Deep Double Descent: Where Bigger Models and More Data Hurt

Published 4 Dec 2019 in cs.LG, cs.CV, cs.NE, and stat.ML | (1912.02292v1)

Abstract: We show that a variety of modern deep learning tasks exhibit a "double-descent" phenomenon where, as we increase model size, performance first gets worse and then gets better. Moreover, we show that double descent occurs not just as a function of model size, but also as a function of the number of training epochs. We unify the above phenomena by defining a new complexity measure we call the effective model complexity and conjecture a generalized double descent with respect to this measure. Furthermore, our notion of model complexity allows us to identify certain regimes where increasing (even quadrupling) the number of train samples actually hurts test performance.

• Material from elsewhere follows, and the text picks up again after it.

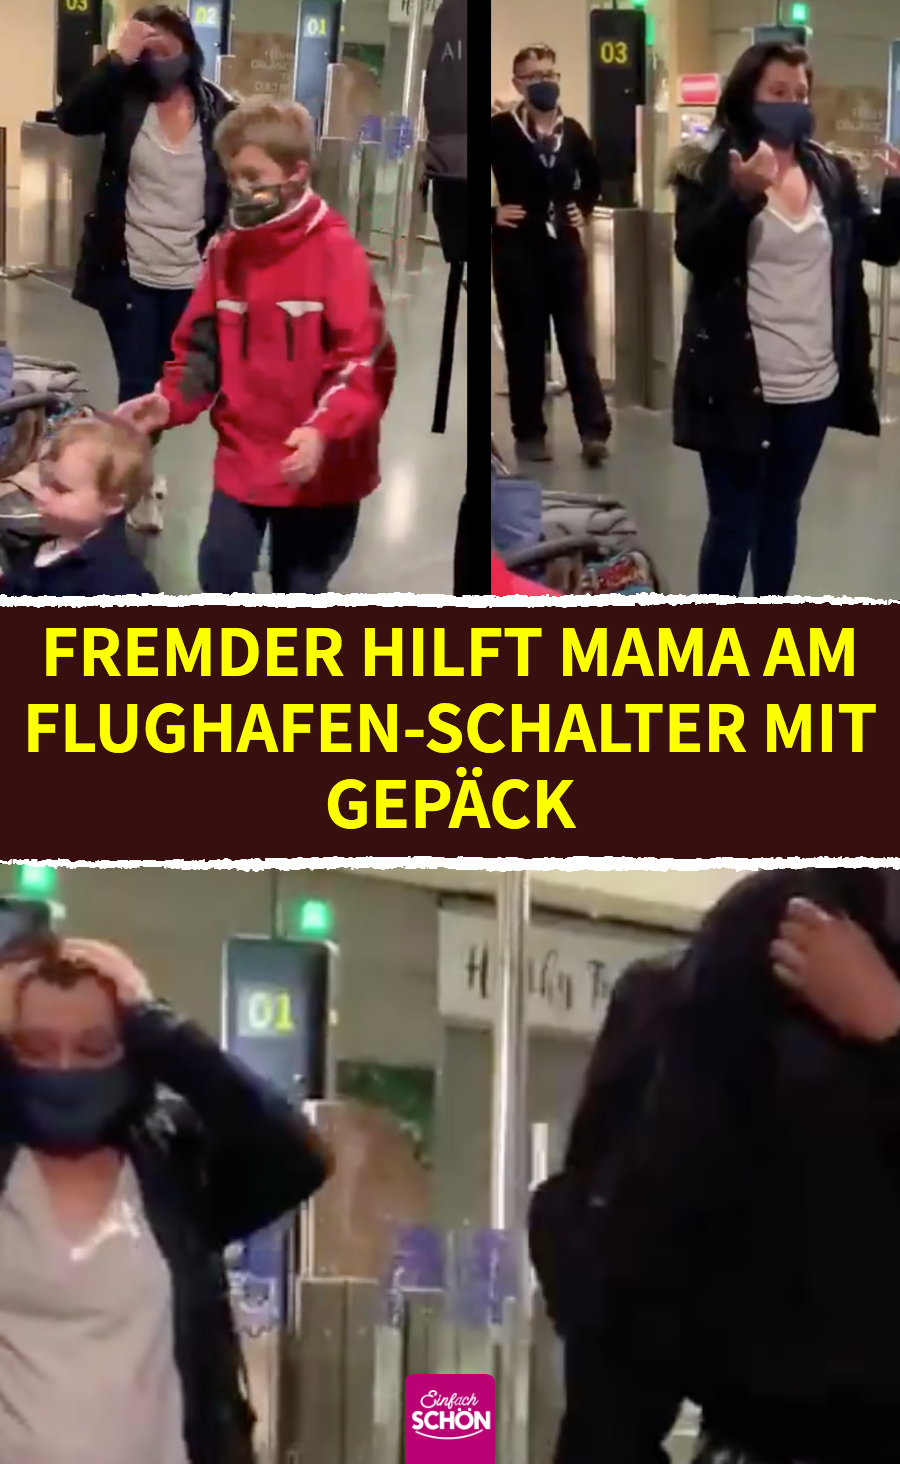 Fremder hilft Mama Stephanie am Ryanair-Schalter mit Gepäck
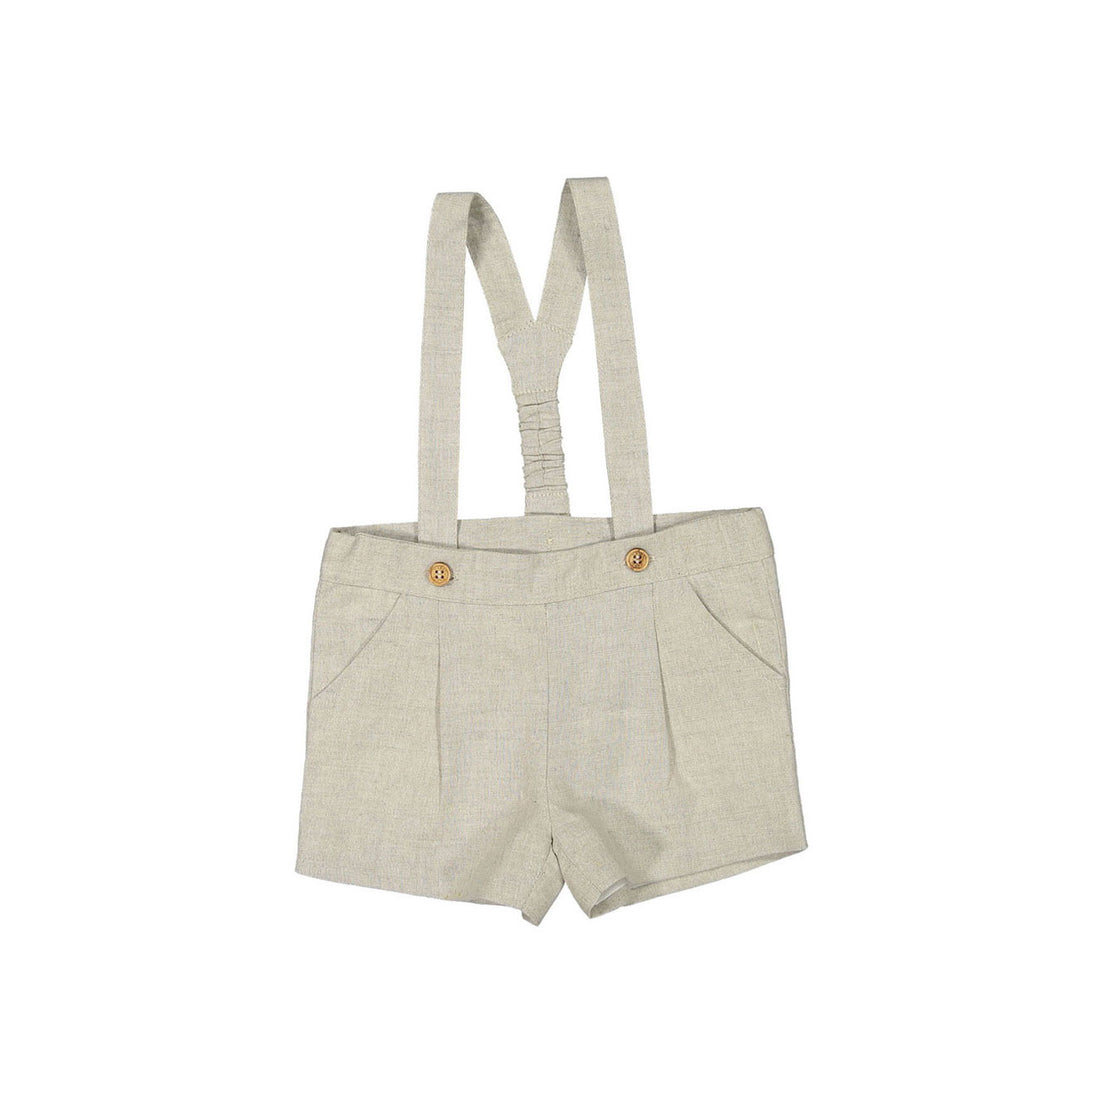 Nanos Tan Linen Baby Suspender Shorts

Abstract PDF Upgrade to Chat

Citations (856)

View on Semantic Scholar

Summary

The paper reveals that increasing model size and dataset scale can induce a double descent phenomenon, where performance unexpectedly deteriorates.
It empirically maps out the double descent curve, showing that initial overfitting may be followed by improvements before a subsequent decline.
The findings prompt researchers to re-evaluate training strategies and optimization approaches to better balance model complexity and data volume.

All Auto-figures

The paper "All Auto-figures" undertakes an empirical exploration into the efficacy of various optimization algorithms applied to deep learning models trained on CIFAR-10 and CIFAR-100 datasets. By leveraging a comprehensive set of experiments, the authors provide a robust evaluation of the behavior of different optimizers in conjunction with identical neural network architectures.

Overview

The primary models considered in this paper are a multi-channel convolutional neural network (MCNN) and ResNet-18, both evaluated under a variety of training conditions. The experiments are meticulously designed to assess the performance variances arising from the use of different optimizers such as Adam and SGD, under several augmentation and perturbation settings. Specifically, attention is given to dynamic adjustments (denoted as "dyn"), multi-domain decorrelation (MDD), and ocean-based data augmentations.

Experiment Details

The experimental subjects include the following configurations:

CIFAR-10 with MCNN and ResNet-18 architectures tested under non-augmentation (noaug) and varied data perturbation settings using both Adam and SGD optimizers.
CIFAR-100 with ResNet-18 architecture similarly evaluated under the same conditions for deeper insights.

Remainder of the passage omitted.